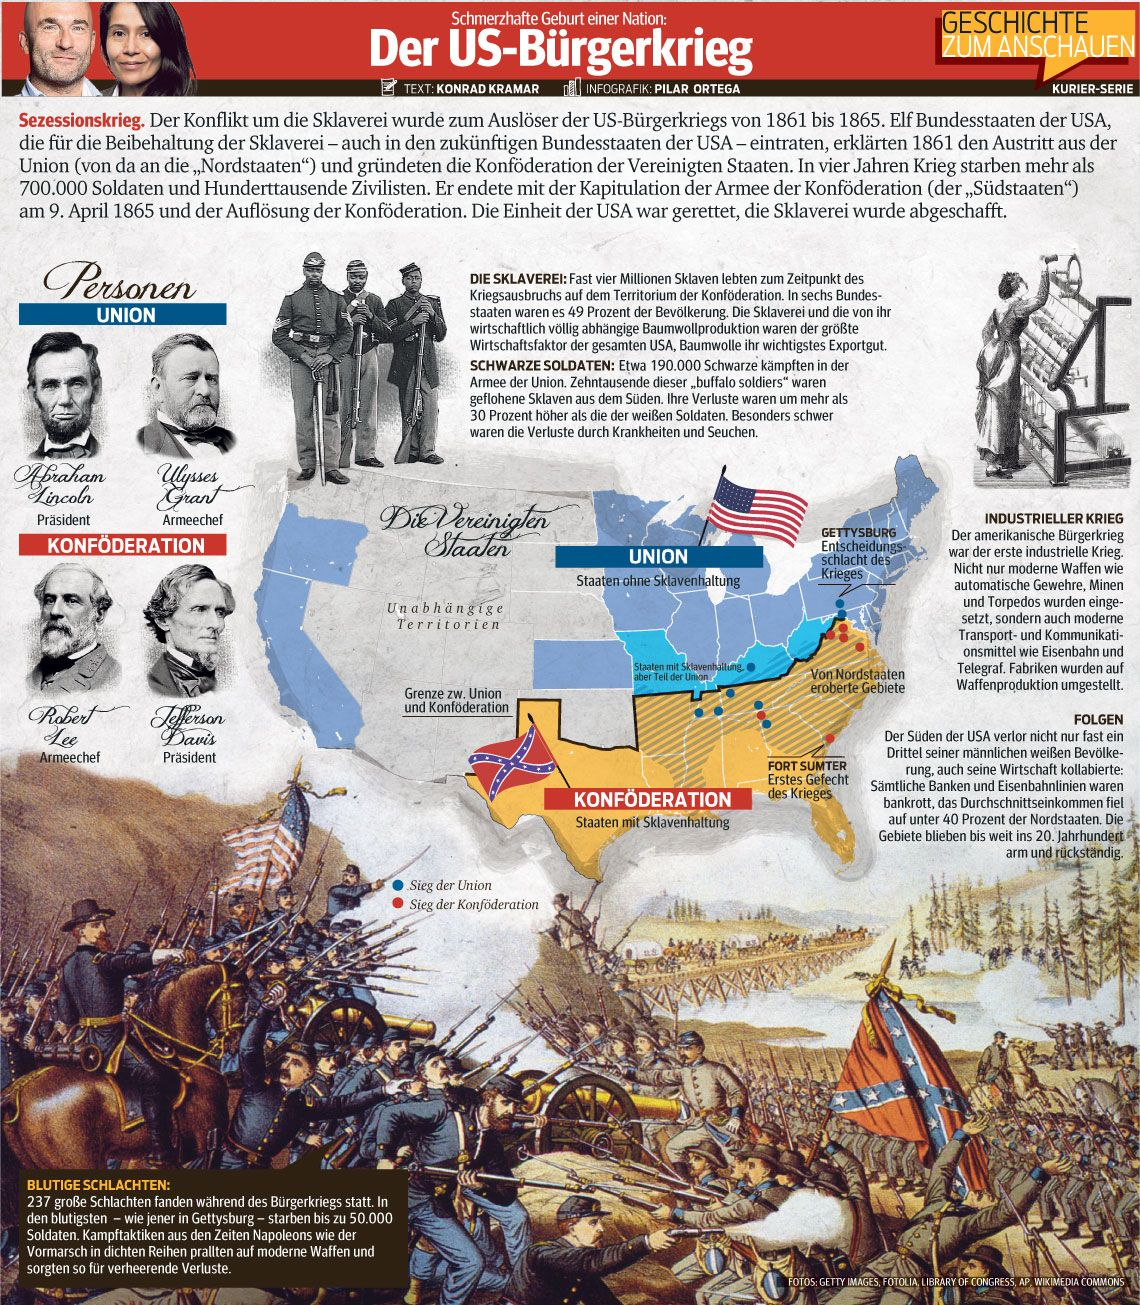 #historyfacts
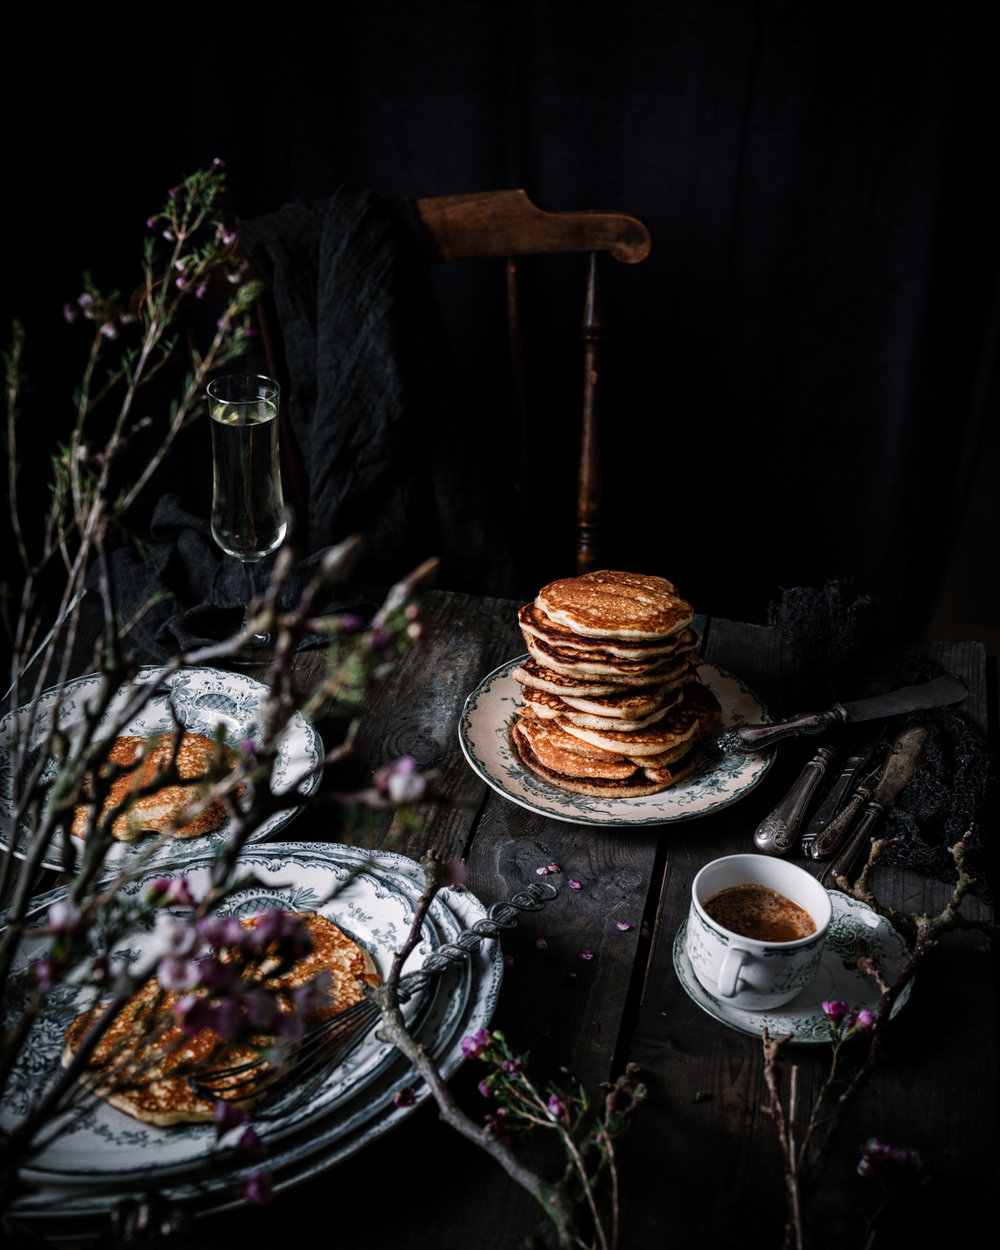 mats dreyer pannekaker pancakes fotograf photography food stylist-1
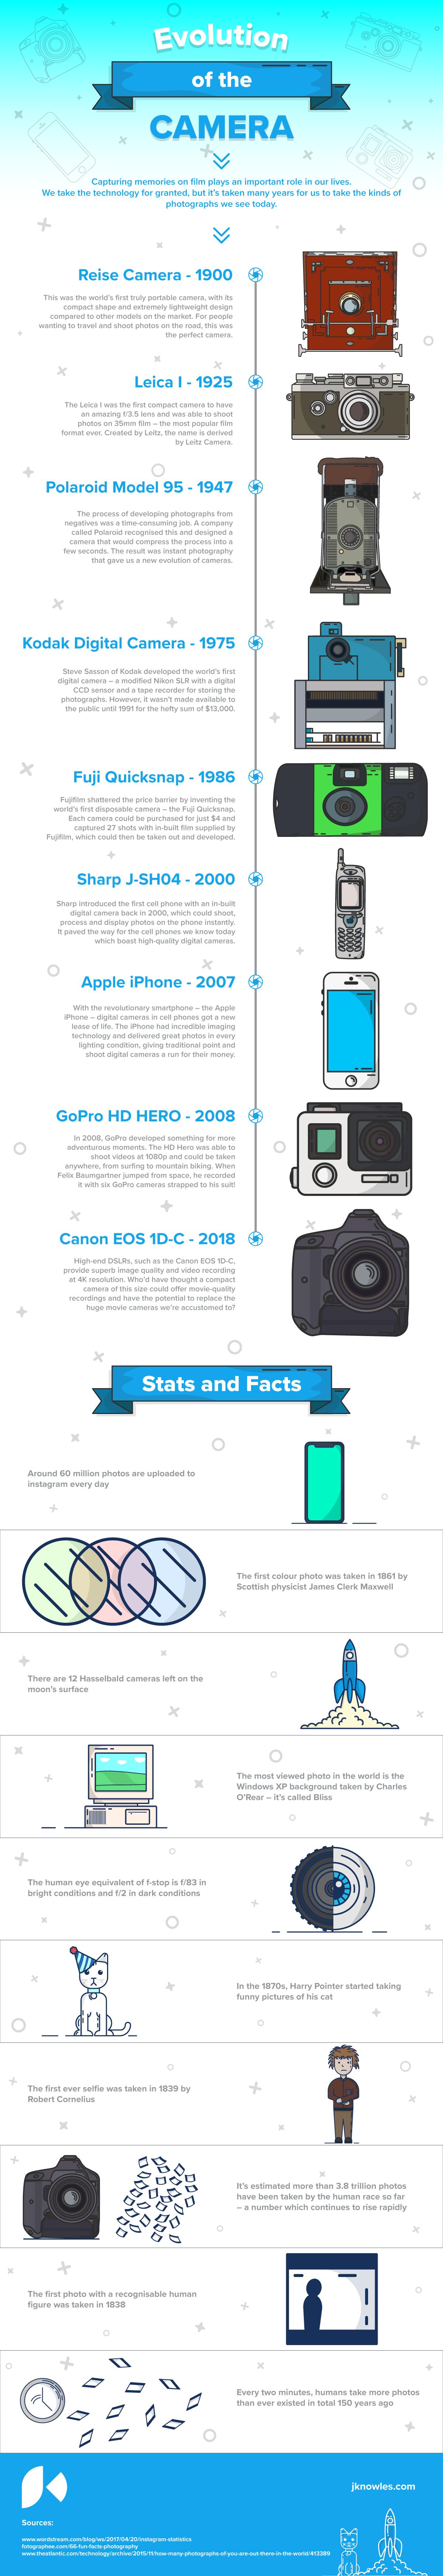 Evolution of the Camera

## PROBLEM STATEMENT
Reproduce the data word for word; no pictures.

## COMPLETED TASK
 #historyfacts
 mats dreyer pannekaker pancakes fotograf photography food stylist-1
 Evolution of the Camera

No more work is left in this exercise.